Friday, June 10, 2005

Papa's daughter

i'm beginning to think that i may be a disappointment to my father.

Firstly, i don't speak fluent Fukien so i won't be able to talk to his business colleges and impress them with my impeccable Fukien or Mandarin for that matter. Having a Filipino mother will always mean that we are second class citizens in the Chinese community.

Next, i don't even look Chinese. I'm brown-skinned- tan, if you want it to sound classy. My eyes are big. And i'm not a beauty so i can't be arranged to marry any of his friends' sons.

Thirdly, i have absolutely no interest in business whatsoever. i'm enrolled in a course that doesn't deal with management or finance. i thank God he did not force anything on me and allowed me to make my own choice, but still the question hangs: who will take care of the business? i'd like to think i'm artistic and a people person. And though he says that both qualities are important in a businessman or business woman in my case, i just don't like my life to be governed by money, interestm, principal and all that economics and management stuff (he also often tells me not to use the word 'stuff' because it implies that i am not articulate).

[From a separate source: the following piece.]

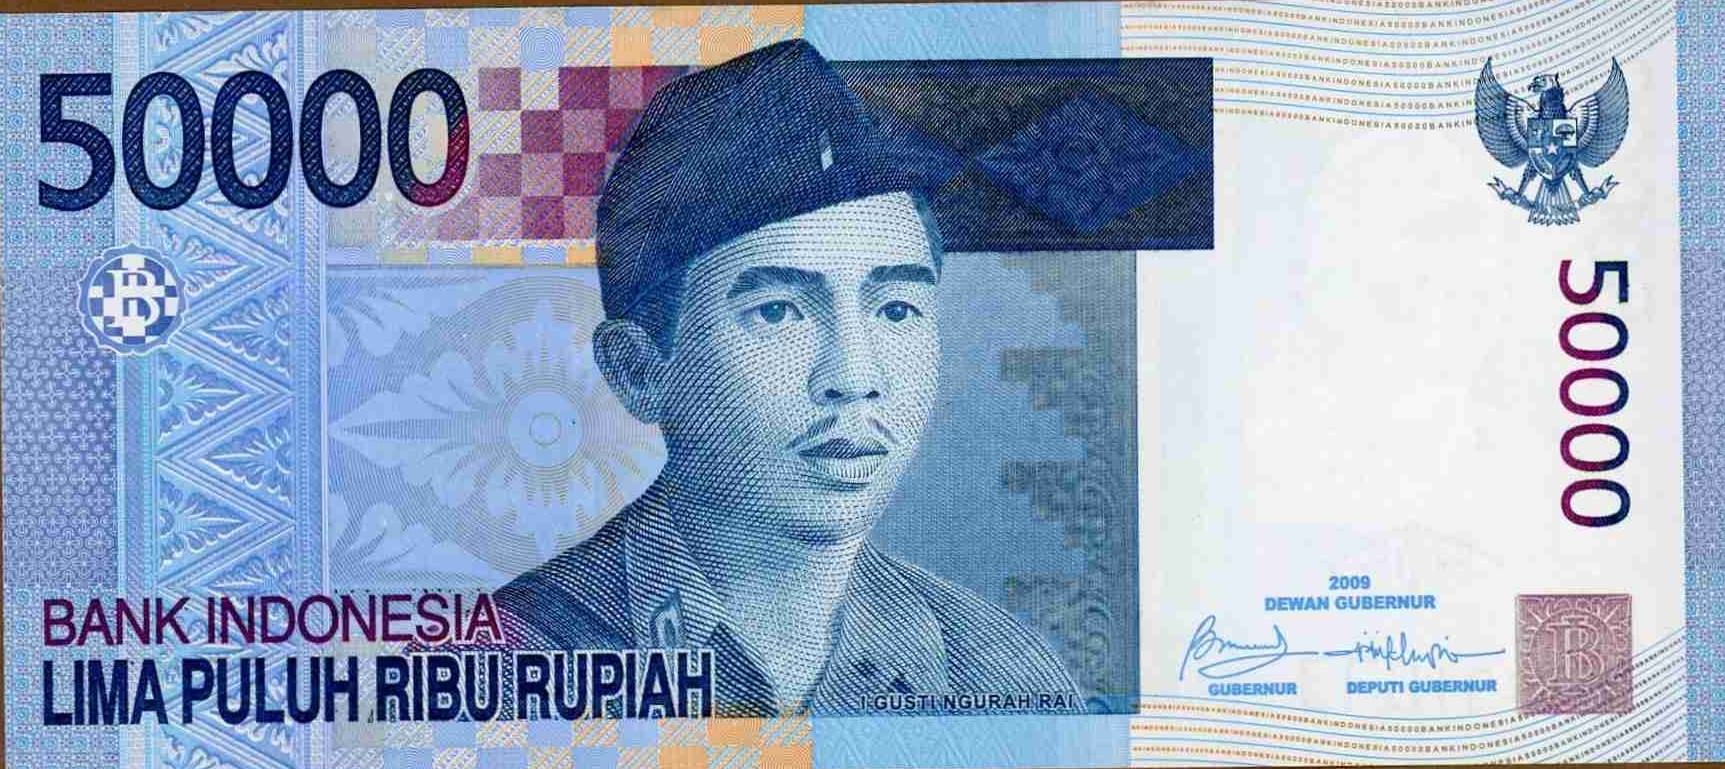 Indonesia 50000 rupiah 2009 face (2).jpg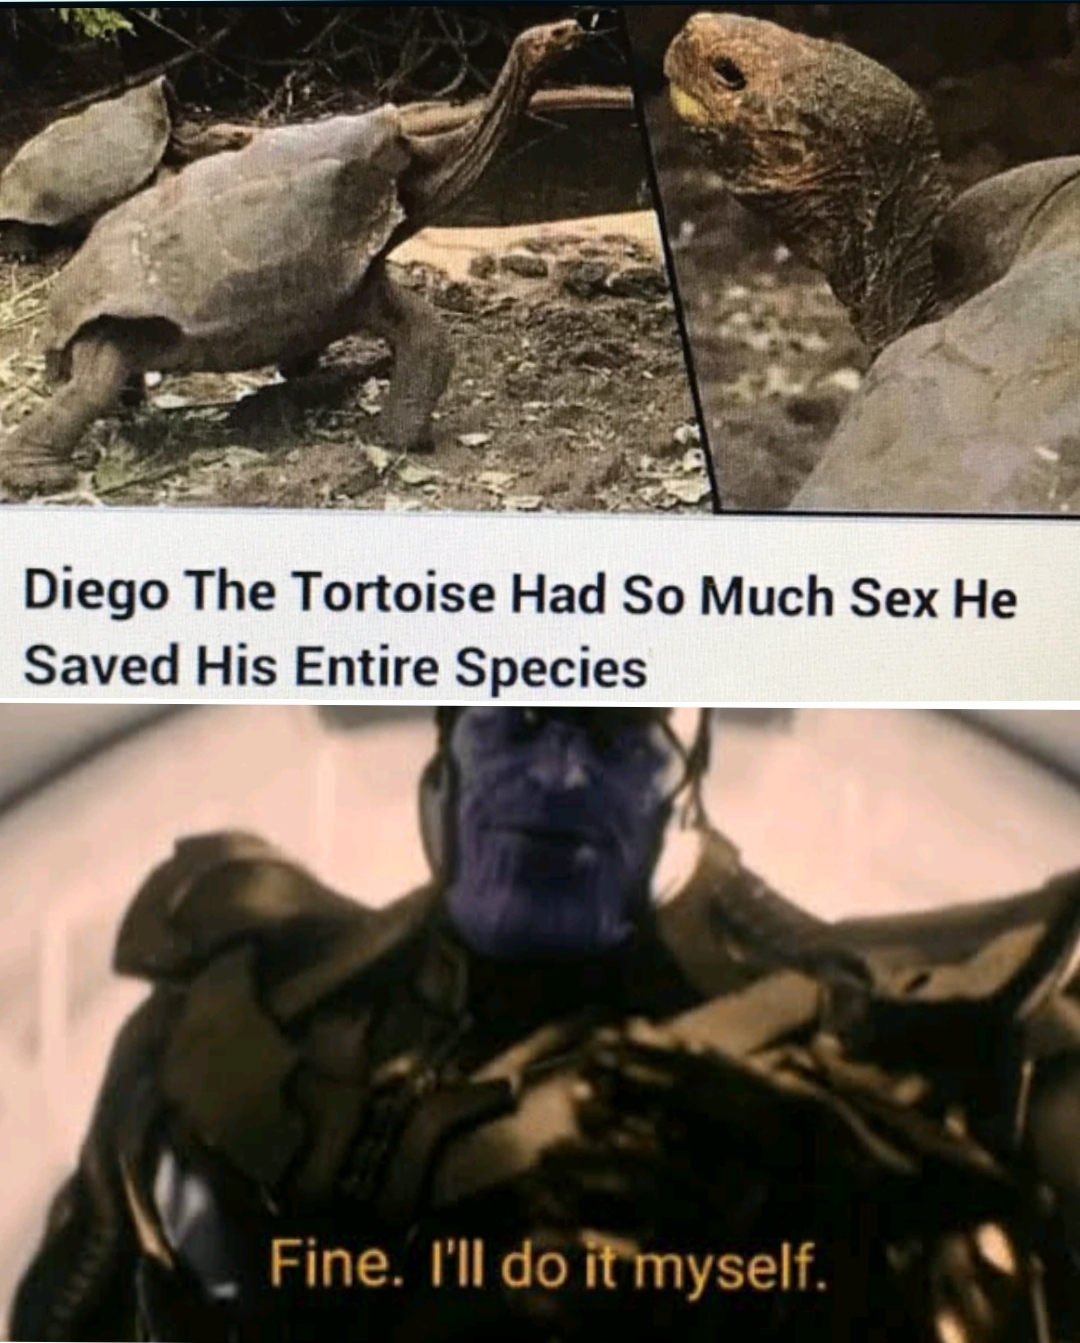 Carefully, he’s a hero

And most important reason of all, i am a WOMAN. Even if he doesn't at all mention it. i know that he dreams of a son to walk in his footsteps. People always ask ' no boys?' and he'll answer 'i was blessed with three Marias'. i know he loves us but in Chinese and Filipino cultures an eldest son is always a great asset.

Recently, he took us to the plant that recycles old boxes and paper. He sort of oversees it. i know he wants us to know the ropes. i do want to please my Papa and continue his legacy. So i'm cancelling my devcom 30 course and taking management101 instead.